What version of Codex CLI is running?
codex-cli 0.132.0
What subscription do you have?
ChatGPT Pro
Which model were you using?
gpt-5.5 as supervising Codex model; external worker commands used opencode with deepseek/deepseek-v4-pro and deepseek-chat
What platform is your computer?
Darwin 25.5.0 arm64 arm
What terminal emulator and version are you using (if applicable)?
Ghostty with tmux 3.6b, zsh. Codex env reports TERM_PROGRAM=tmux, TERM=tmux-256color. Manual opencode commands were run from a normal terminal session.
Codex doctor report
codex doctor --json was available. Relevant excerpts from this Codex session:
- codexVersion: 0.132.0
- config.load: ok; model: gpt-5.5; feature flags include shell_tool, unified_exec, multi_agent, plugins, in_app_browser, browser_use, etc.
- sandbox.helpers: ok; approval policy OnRequest; filesystem sandbox restricted; network sandbox restricted
- state.paths: ok; state/log DBs inspectable under ~/.codex
- terminal.env: ok; tmux 3.6b; TERM=tmux-256color; shell=/bin/zsh
- network.provider_reachability: fail inside the Codex environment due sandboxed/network reachability, while the user terminal could run the external CLI successfully
- updates.status: warning due api.github.com DNS from the Codex environment
I can provide the full JSON if useful, but omitted it here to keep the issue focused and avoid unnecessary local path/account detail.
What issue are you seeing?
When using Codex as a supervising agent and delegating implementation/testing to an external CLI worker (OpenCode with DeepSeek), commands launched through the Codex exec/harness were unreliable in ways that did not reproduce in a normal terminal.
The concrete pattern:
-
The user could run this manually without issue:
opencode run -m deepseek/deepseek-v4-pro 'Read tests/test_telegram_notify.py, then reply with the number of test functions only. Do not edit files.'
It completed and returned the expected answer.
-
Similar OpenCode/DeepSeek runs launched through Codex/tmux/exec were unreliable: broad prompts stalled, behavior was hard to diagnose from the harness, and sandboxed/executed variants appeared to have trouble with OpenCode's normal home-directory state/lock/database files.
-
The likely failure surface was not DeepSeek or OpenCode itself. The same model/tool worked outside the Codex harness. The problem was the mismatch between Codex's sandbox/exec/harness environment and a normal host terminal when supervising an external agent CLI that maintains its own state.
-
The result was misleading for a supervisor workflow: Codex could not confidently tell whether the worker was actually blocked, sandboxed, waiting, or simply behaving differently under the harness.

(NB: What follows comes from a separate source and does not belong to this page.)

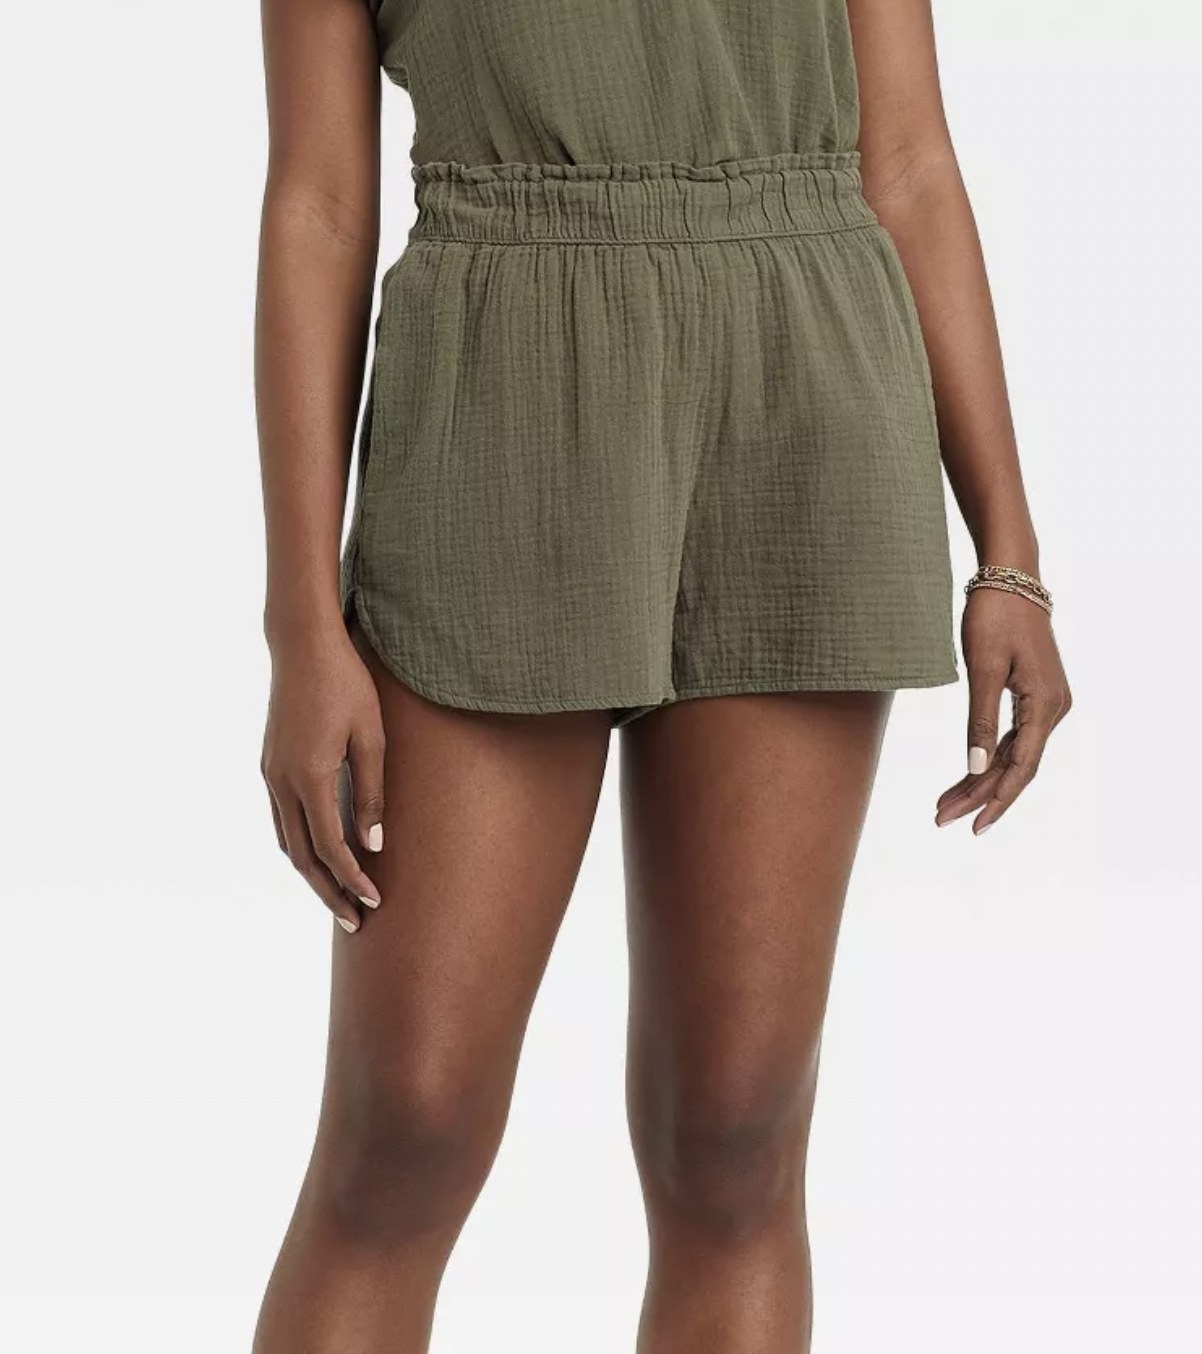 front view of the model wearing the shorts in green

Expected supervisor workflow:
- Codex reads and plans.
- Codex starts a tmux pane running an external worker CLI such as OpenCode/DeepSeek.
- Worker edits/tests.
- Codex reviews diffs and runs final verification.
That workflow works manually on the same machine, but was unreliable when Codex launched/managed the external CLI.
What steps can reproduce the bug?
Uploaded thread: 019e49fc-70cc-7632-b042-68686cbb5289
-
On macOS, from a repo workspace, ask Codex to supervise implementation while delegating coding/testing to an external CLI worker in tmux, e.g. OpenCode with DeepSeek.
-
Have Codex launch a worker command such as:
opencode run -m deepseek/deepseek-v4-pro ''
or run it inside a tmux pane from Codex.
-
Observe that the worker can stall or behave unreliably from the Codex-managed execution path. The same tool/model can work normally from Terminal.
-
In a normal Terminal, run a minimal smoke test:
opencode run -m deepseek/deepseek-v4-pro 'Read tests/test_telegram_notify.py, then reply with the number of test functions only. Do not edit files.'
In my case this completed successfully and returned the expected result.
-
Compare that with the Codex-supervised/harness-launched run. Codex had difficulty determining whether the worker was blocked due to sandbox permissions, external CLI state files, model behavior, or harness management.
Searches I checked before filing:
- opencode sandbox
- deepseek opencode
- SQLITE_READONLY OR EPERM opencode
- external agent sandbox CLI
I did not find an issue specifically covering OpenCode/DeepSeek or external agent CLI supervision failing under Codex while the same command works in Terminal.
What is the expected behavior?
Codex should either support this external-supervisor workflow reliably or make the limitation explicit.
Expected behavior:
- If a command is approved/escalated, Codex should make clear whether it is host-equivalent or still subject to sandbox/harness differences.
- External CLI tools with normal home-directory state, lock files, and local databases should either work when approved, or Codex should surface the exact sandbox denial/state-path problem rather than leaving the supervising agent to infer it from a stalled worker.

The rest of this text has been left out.